With other goods and services in our everyday lives, compensation is determined by expertise. If you want better-tailored clothing, food, legal services, or financial services, you will pay more and wait in line. The notion of getting something better is not the case in American medicine [13]. Our generation demands that our profession is the same exact quality wherever you go. Even the most junior physicians are supposed to provide the same care as the most experienced in the field. Not only that, allied professionals such as nurse practitioners and physician assistants are grouped together with physicians, in the spirit of inclusivity, as “healthcare providers”. I distinctly recall that during 30 years of practice in medicine, this was a profession where we chose the best and brightest to enter the field. Now we cannot even be recognized as "doctors" but relegated to the generic “healthcare providers”. However, care is not uniformly equal among all “healthcare providers”. It takes years to hone those skills and newly graduated physicians will further develop their experiences over the first few years of being in practice despite years of medical school and residency training.

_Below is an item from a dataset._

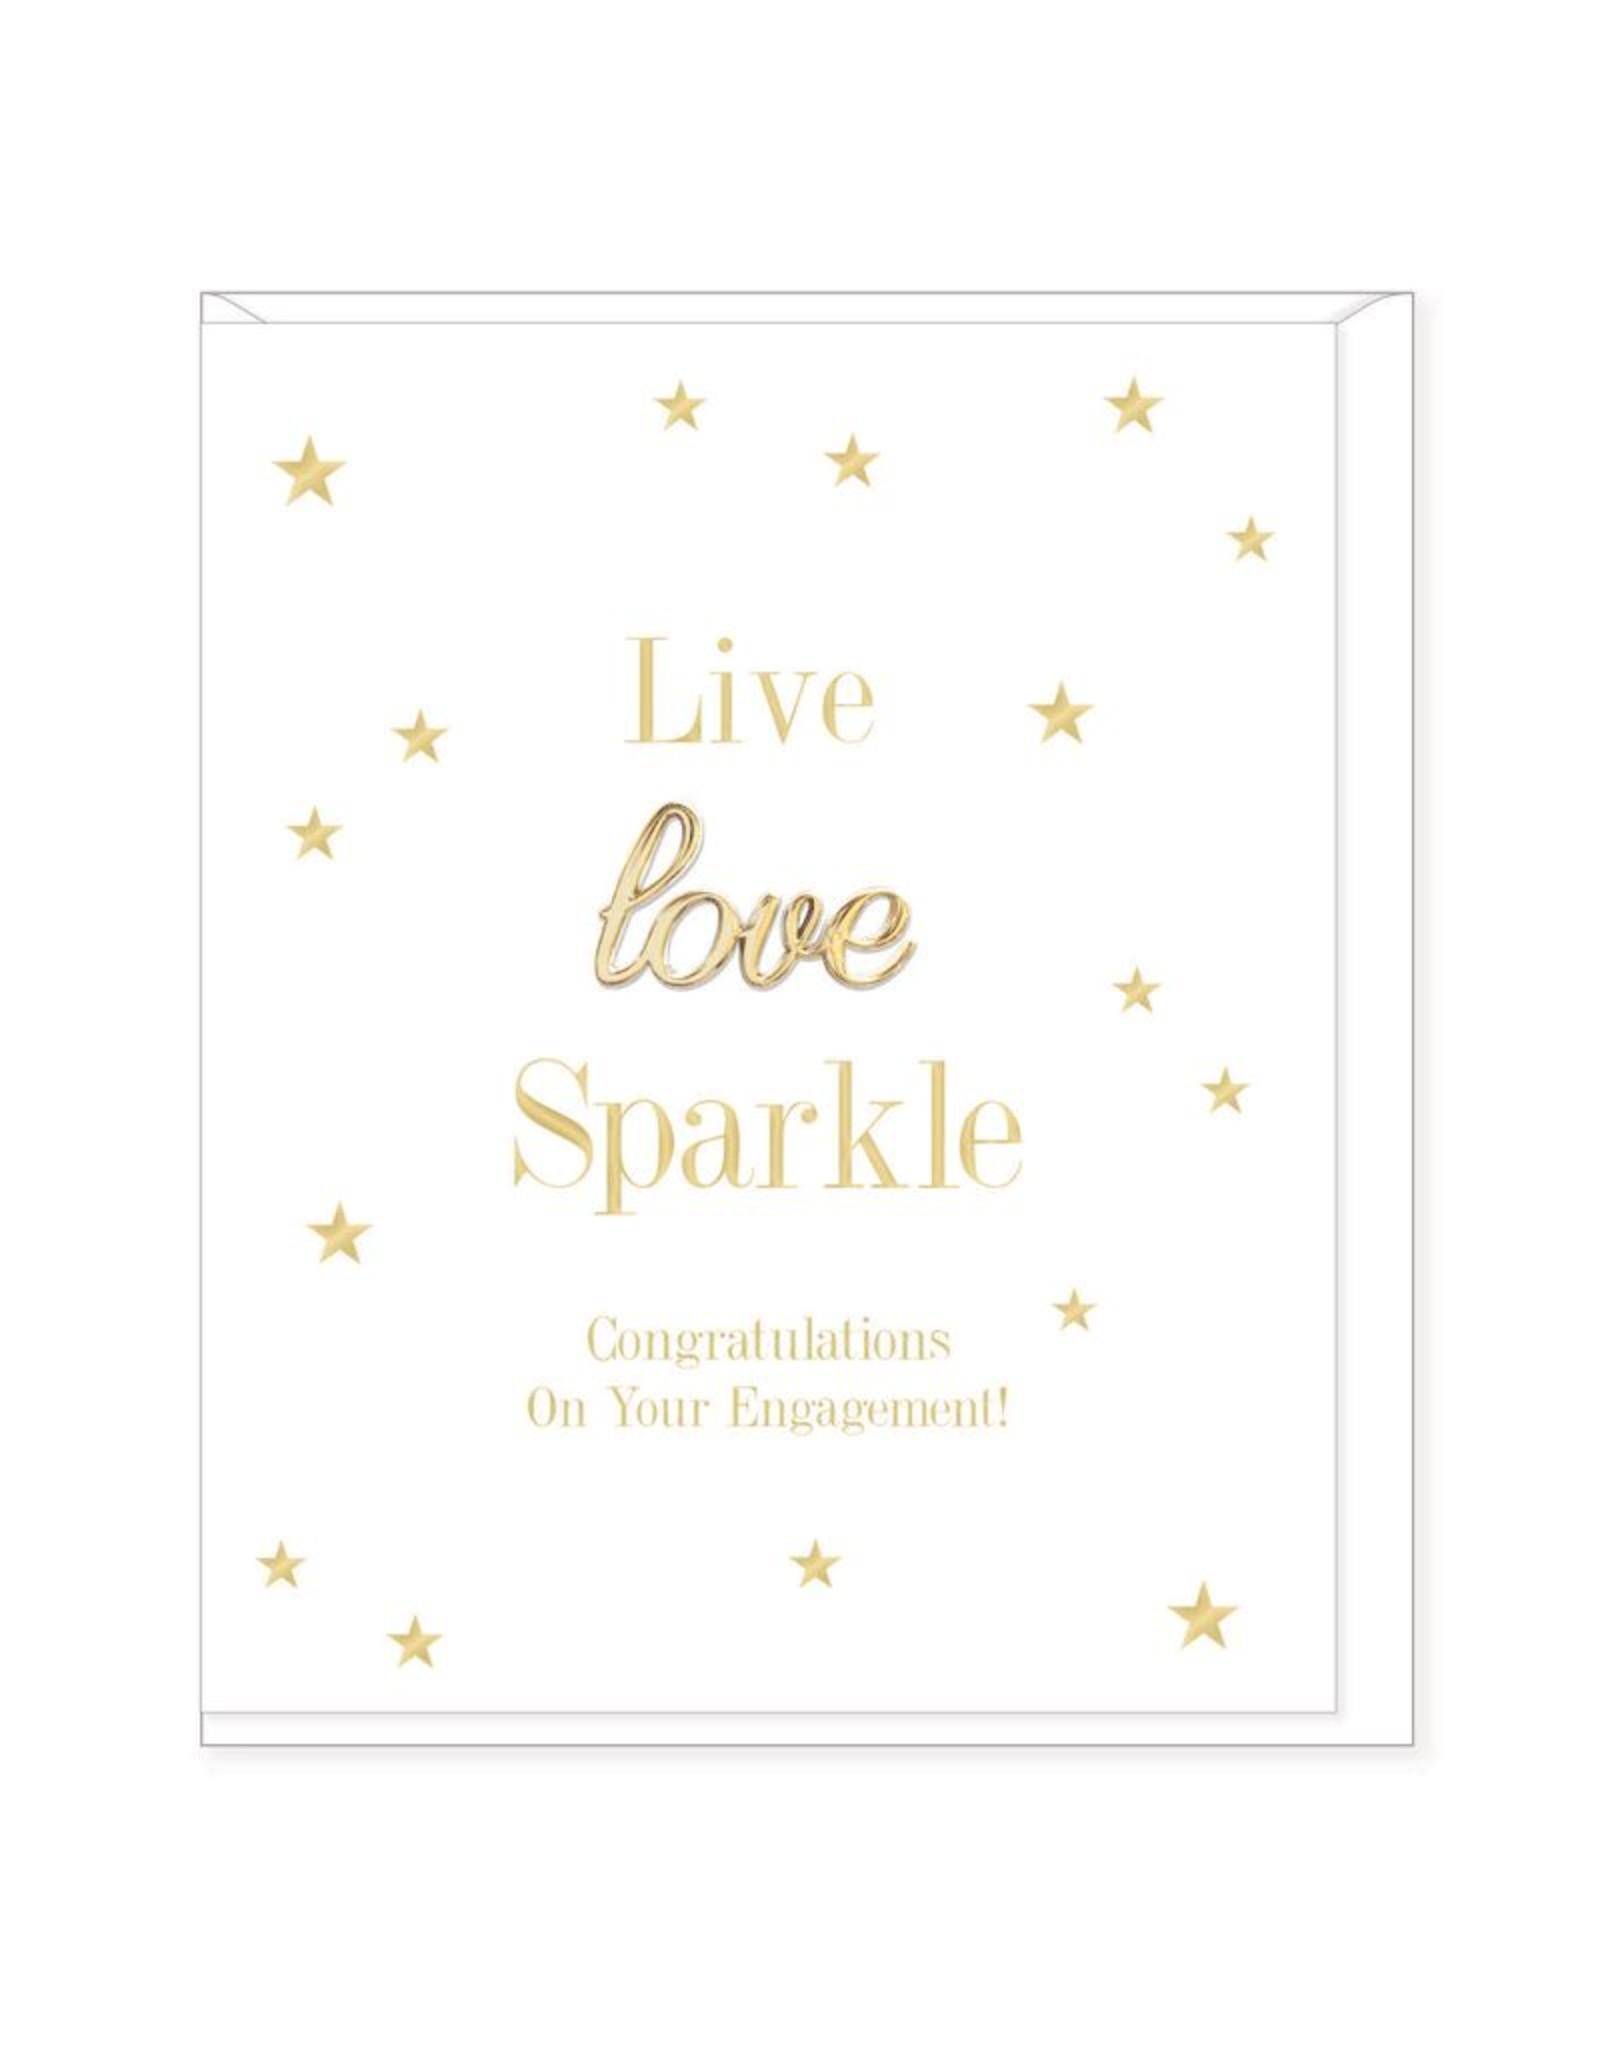 Hearts Design Wenskaart - Live, Love, Sparkle - Engagement

When doctors are considered as generics and consumables, there is a distinct and palpable erosion of autonomy. We need great doctors to administer great healthcare. We need to start with a premium seed, mature it in the right soil, and harvest it as a final product. This is not unlike mass production of food in this country. As an analogy, we are longer can we be "free range" -- we are now raised in chicken coops and systematically matured in 45 days from hatching [14]. With no disrespect to others, candidates are chosen for the medical profession because of who they are; how they think independently and creatively; and, ultimately, hope and promise that they can bring healthcare forward to a better place. We foster and breathe those ideals. However, it has been a steady erosion of that promise and those ideals as a result of “industrialization” of the medical profession. Look no further. This is the root cause of burnout. In hindsight, a Professor of Medical History 30-years ago said during the first week of my medical school class, “You will soon see that you are put on a conveyor belt and spit out on the other end in four years.” He was so ahead of his times and, ironically, he was a historian.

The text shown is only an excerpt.